Phospholipid tubelets.

A novel electron microscopy specimen protocol shows that the presumed phospholipid bilayer membrane ribbons that wind helically to form the cylinders known as "tubules" are actually flattened tubes. These flattened tubes are alternatively found with a helical twist about the tube's long axis or occasionally flat with no winding or twist. Flat, cylindrically wound and axially twisted segments are routinely found along a single tube's length, and at the helically wound and axially twisted segment junctions, the chiral sense of the structure often, but not always, changes chiral sense.

Chiral tubule self-assembly from an achiral diynoic lipid.

Tubules possessing microm-scale chiral substructure self-assemble from an achiral isomer of the tubule-forming diynoic phosphatidylcholine, 1,2-bis(10,12-tricosadiynoyl)sn-glycero-3-phosphocholine [DC(8,9)PC], showing that molecular chirality is not essential for tubule formation. CD spectroscopy shows that these structures' helical sense of handedness instead originates in a spontaneous cooperative chiral symmetry-breaking process. We conclude that the chiral symmetry-breaking must originate in the unusual feature common to the chiral and achiral tubule-forming molecules, the diynes centered in their hydrocarbon tails.

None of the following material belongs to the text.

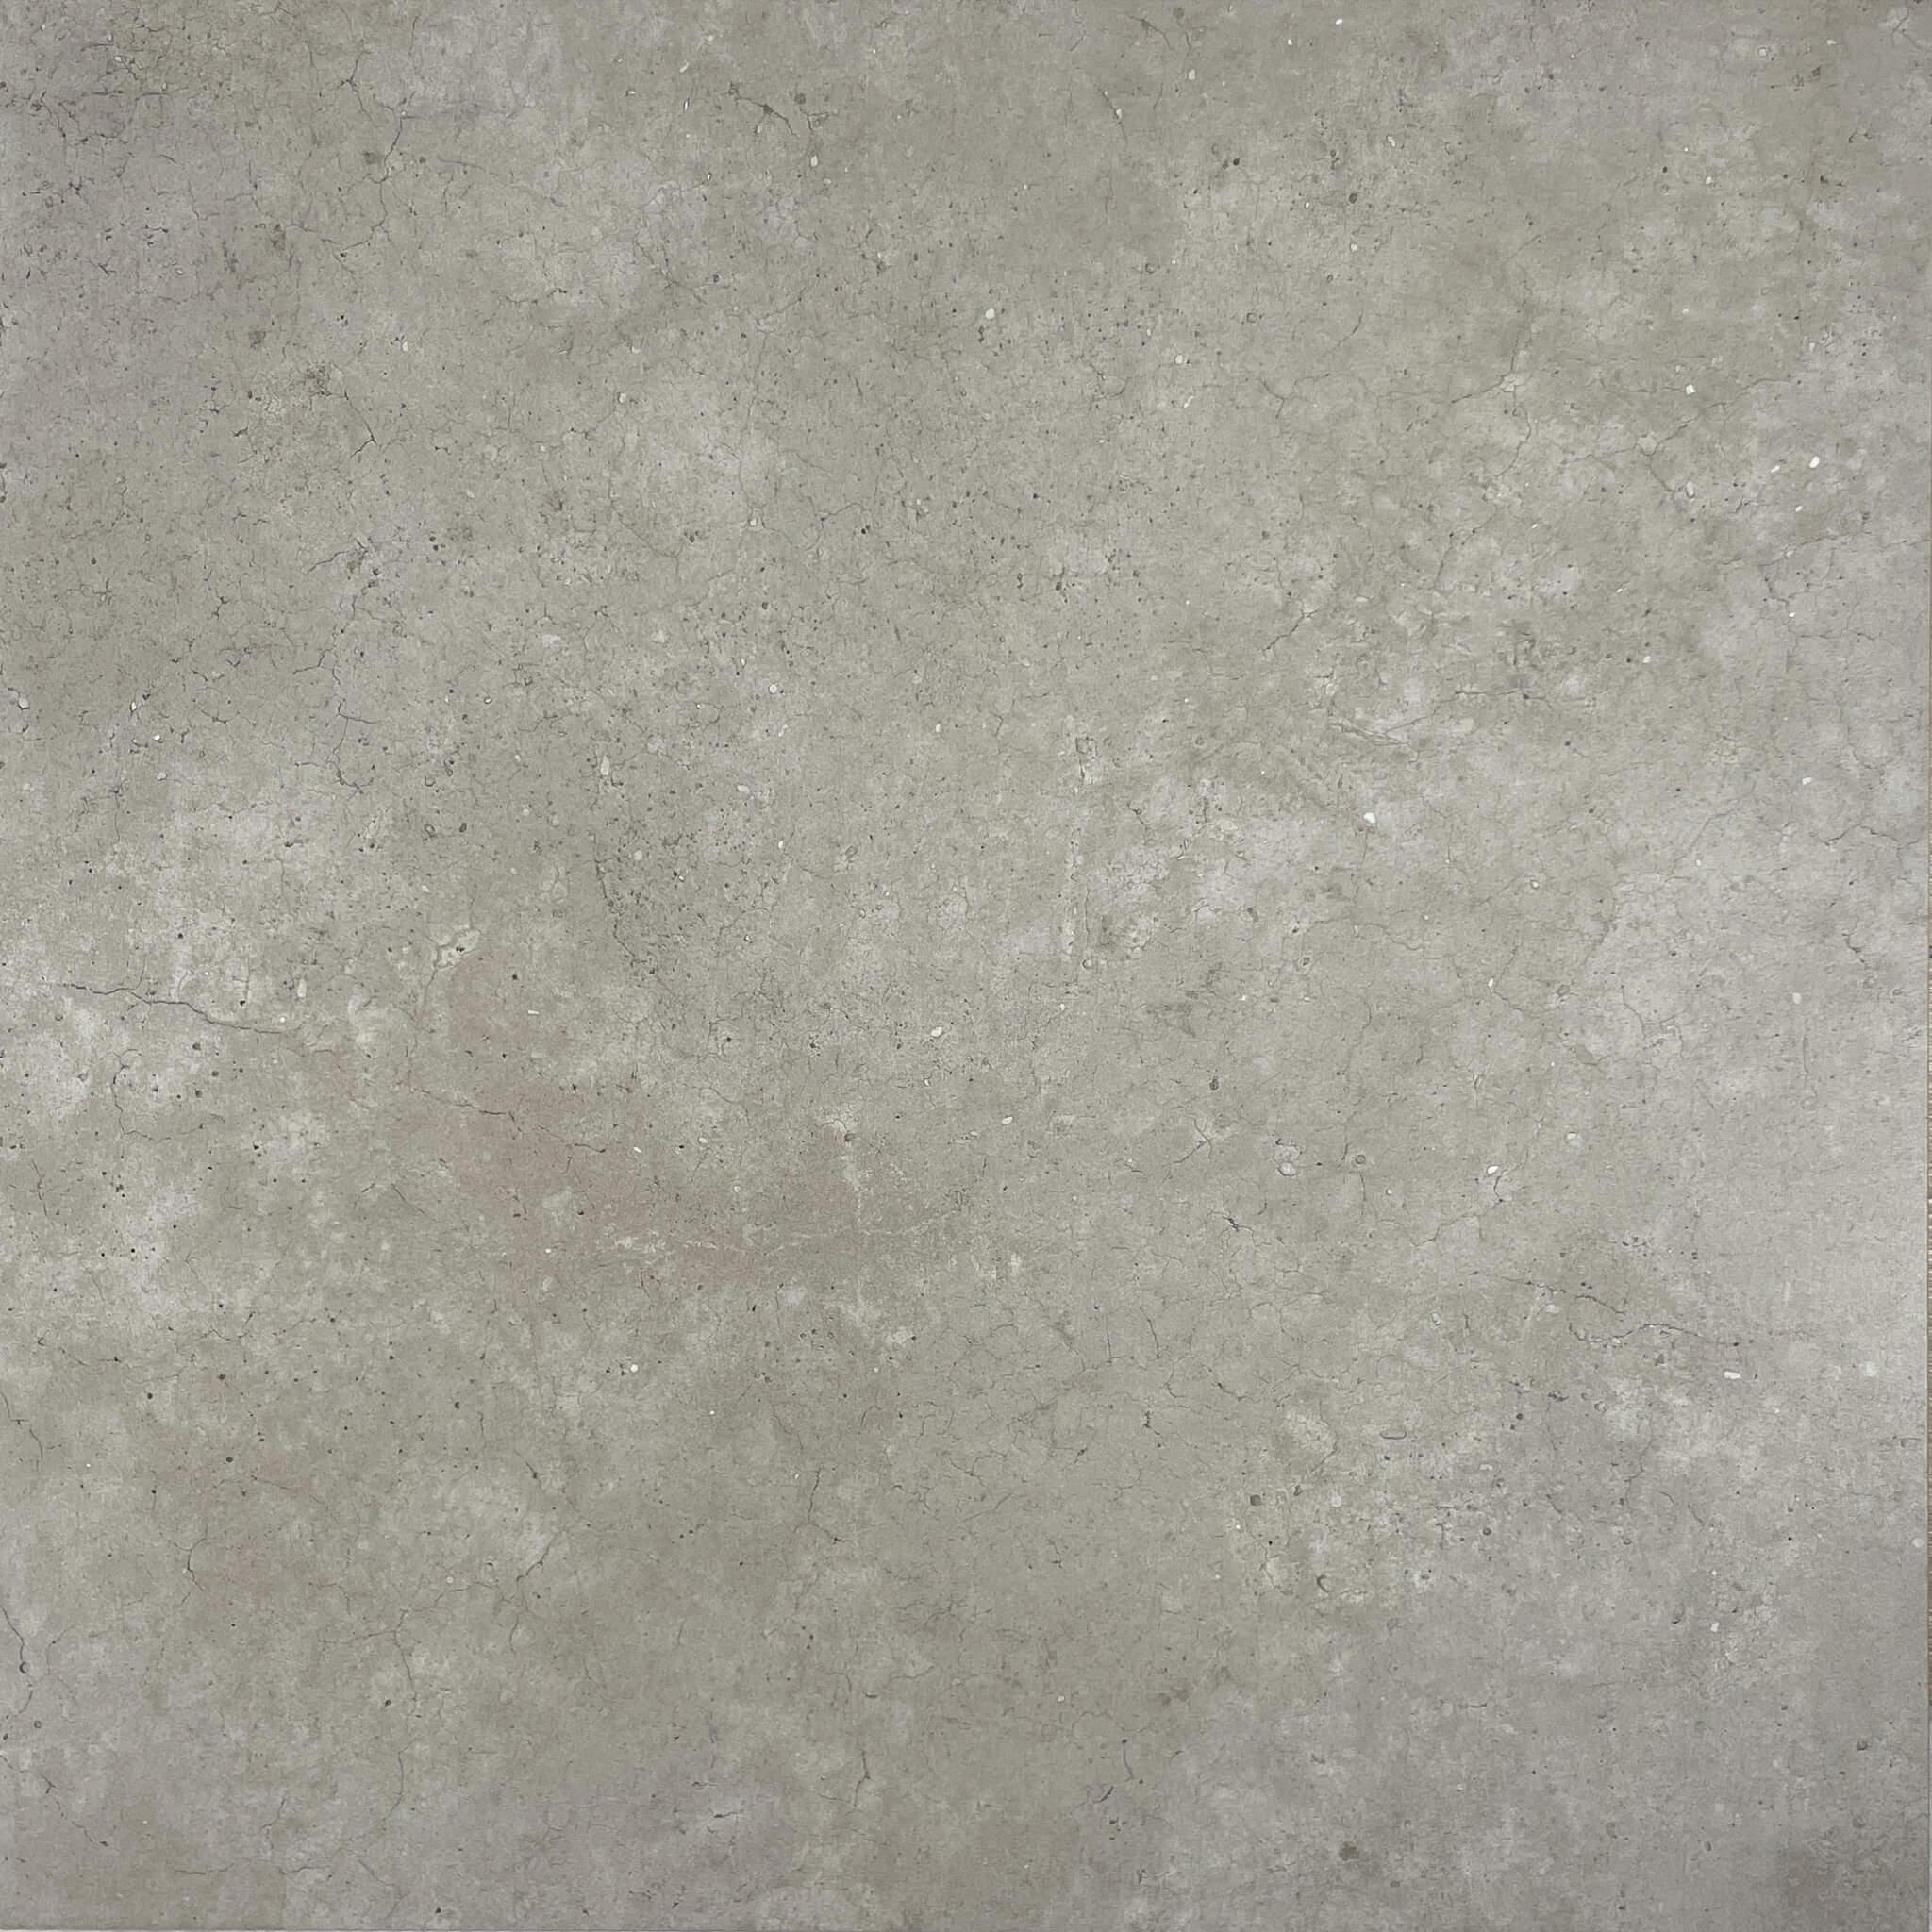 Industrial Silver Concrete Look Matt Finish Rectified Italian Porcelain Tile 3916

Phospholipid/protein cones.

The presence of protein in tubule-forming solutions of the diacetylenic phospholipid 1,2-bis(10,12-tricosadiynoyl)-sn-glycero-3-phosphocholine results in the formation of hollow cones rather than the expected hollow cylinders. Differential phase-contrast video microscopy reveals that cones grow from proteinaceous nodules in a fashion similar to cylindrical tubule growth from spherical vesicles. Spatially resolved electron-beam energy-dispersive X-ray fluorescence spectroscopy shows the protein to be associated with the cone wall.

Phosphonate lipid tubules II.

We describe a new chiral tubule-forming lipid in which the C-O-P phosphoryl linkage of the archetypal tubule-forming molecule, 1,2-bis(10,12-tricosadiynoyl)-sn-glycero-3-phosphocholine, "DC(8,9)PC", is replaced by a C-P linkage. Tubule formation with this phosphonate analogue proceeds under the same mild conditions as with DC(8,9)PC and produces similar yields, but synchrotron small-angle X-ray scattering, atomic force microscopy, and optical microscopy show the new tubules to have diameters 1.94 times as great, to be significantly shorter, and to be thinner-walled.